実は、昨年後半から数か月にわたり、某企業と個人情報の扱いについて個人的にちょっと揉めてしまっていた(ちょっとね!)。同意した覚えがなく、規約に照らしても同意していない形で個人情報が扱われていたので、「是正してほしい」と求めていたのだが、まったく埒が明かなかったのである。それについて詳しく述べるつもりはないのだが、企業における個人情報管理の難しさを、個人情報を利用される方の立場として実感することができた。

顧客の個人情報は企業にとって“生命線”だ。個人情報の利活用が事業の成否を握る場面は多い反面、保護や管理などの取扱い方に不手際があれば、顧客に不利益を与え(流出などを伴えばその不利益は取り返しがつかない場合もある)、社会の信頼を失う。

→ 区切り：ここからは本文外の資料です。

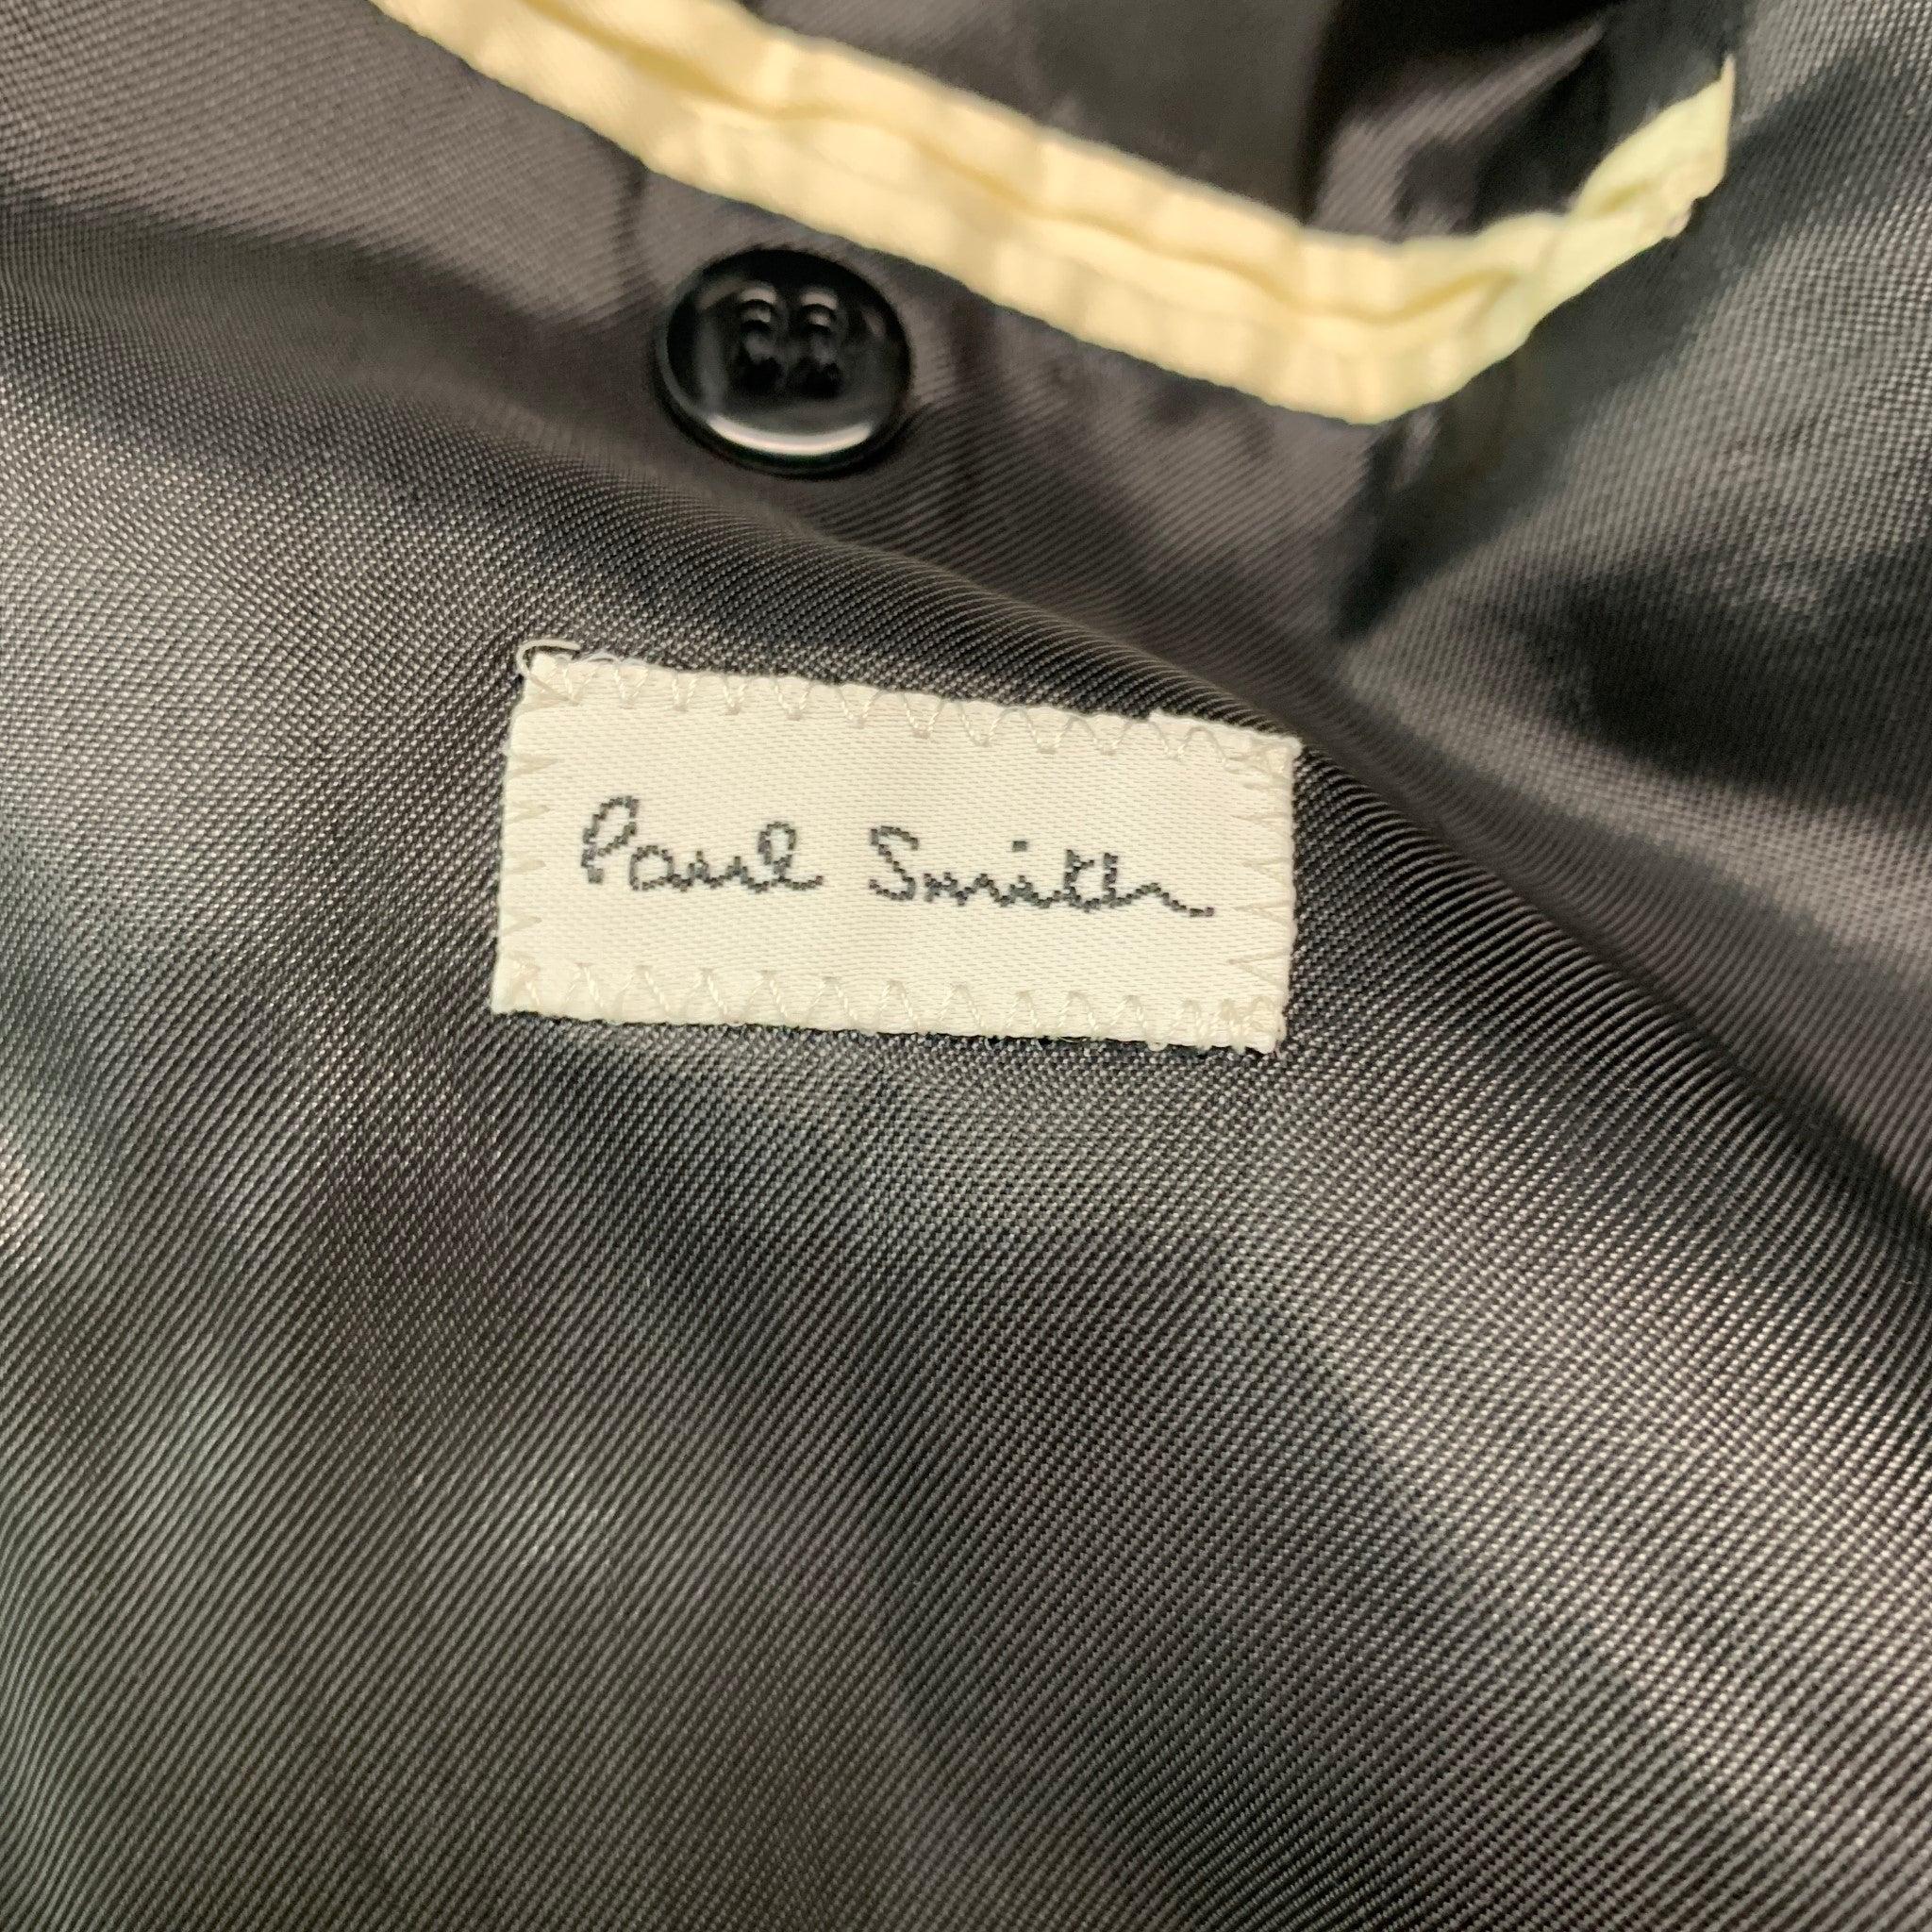 PAUL SMITH Size 46 Black Brown Embroidery Velvet Notch Lapel Sport Coat For Sale 4

“取扱い注意”の、諸刃の剣なのである
その扱い方のルールを定めるのが個人情報保護法なのだが、個人の利益に深くかかわる法律のわりには複雑で難解だ。「誰でも簡単にしくみを理解できる」という類のものではない。

そこで、企業活動における個人情報の保護・管理・利活用に際しては、法規を現実の運用に落とし込むうえで法務部門の果たすべき役割が大きい。多くの企業では、

① 法務部門が個人情報の取扱いに関する社内規程をつくり、

② これを周知するための社内啓発を行い、

③ 対外的なプライバシーポリシーをつくり、

④ 事業ごとにその性質や目的に照らした規約や契約をつくり、

⑤ 顧客からの問い合わせや法定の開示請求があった場合の対応フローを定める。

といったことが行われていることだろう。
こう書き出すだけでも大変そうだが、いかにも大変だ!

事業の変化に個人情報管理規程はついていけているか!?

プライバシーポリシーや社内規程、これらを従業員向けにわかりやすく啓発するためのルールブックをつくるのは、ある意味で簡単な方である。法律をわかっていれば、それに適合した社内ルールをつくることはできる。大変なのは、ルールを実際に施行・運用する場面である

最初に着手すべきは現状把握だ。個人情報を取り扱う自社の事業について、

❶ これらの内容を個々に把握し、

❷ そこで行われている個人情報の取扱いをレビューし、

❸ 取得経路を確認し、

❹ 利用目的を特定し、

❺ 第三者提供の可能性があればそれも特定し、

❻ それらを利用規約等に落とし込む。

といったことを行わなければならない。
しかし、一口に“個人情報を取り扱う事業”と言っても多様だ。単発の懸賞キャンペーンから、顧客の嗜好や行動履歴などのデータ収集まで千差万別である。これらを全部フォローしなければならないのは骨が折れる。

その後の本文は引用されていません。